On the death of their father, Henry II, Duke of Austria, he received the lands of Mödling from his brother, Leopold V, Duke of Austria around 1177. The castle of the same name became his Seat of Power.

He went to Vienna on the 25 August 1190 to see his brother off to join the Third Crusade, while he traveled to Italy to act as a representative of the Babenbergs and to attend the coronation of Henry VI, Holy Roman Emperor in Spring 1191.

He is known to have taken part in the German Crusade of 1197 with his nephew, Frederick I of Austria and Wolfger, Bishop of Passau. By 6 June 1197, he was at the Imperial court encampment at Castro St. Giovanni and a few days later, at the same time with Duke Frederick in Linaria. When they left Apulia to reach Sicily, they were encouraged further, after two ships sunk at sea, with the Abbots of Werd and Beuern.
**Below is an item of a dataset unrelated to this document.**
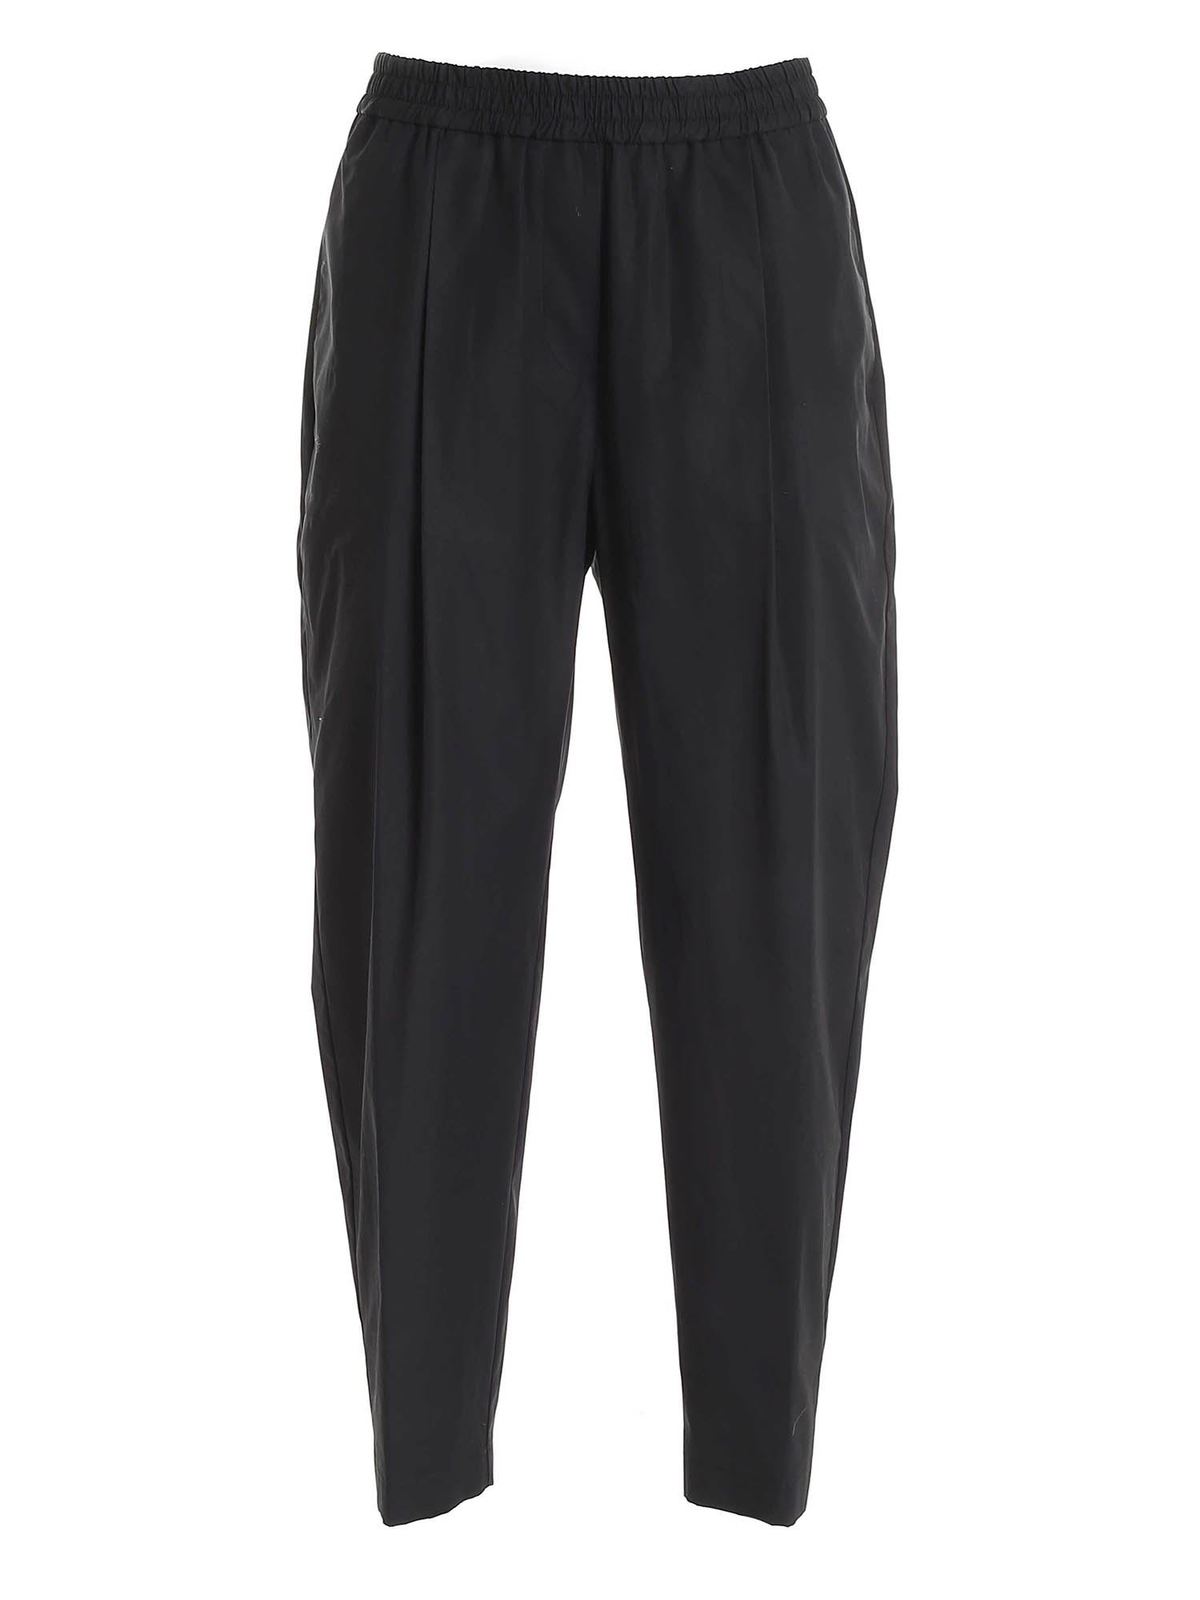 ASPESI RELAXED FIT TROUSERS IN BLACK

The Emperor now took full command and instructed Conrad, Archbishop of Mainz & Chancellor of Germany to lead the fleet over the Mediterranean. They sailed in early September 1197 and arrived in Acre a few weeks later.

His branch of the Babenberg line did not focus on matters of war, but became mostly interested in arts. His surname is somewhat confusing, as Mödling was not a separate duchy, but a subordinate-duchy ruled by the Babenbergs in Vienna. His territory, under his reign, experienced a marginal prosperity. During his government, he built Mödling castle in the 12th century. The most prominent guest was the minstrel Walther von der Vogelweide in 1219.

He married Richeza († 19 April 1182 ), daughter of Vladislaus II, Duke of Bohemia and had one son, Henry III, Duke of Mödling called the Younger.

He was buried with his brother, Leopold V of Austria and his nephew, Frederick I of Austria, at Heiligenkreuz Abbey.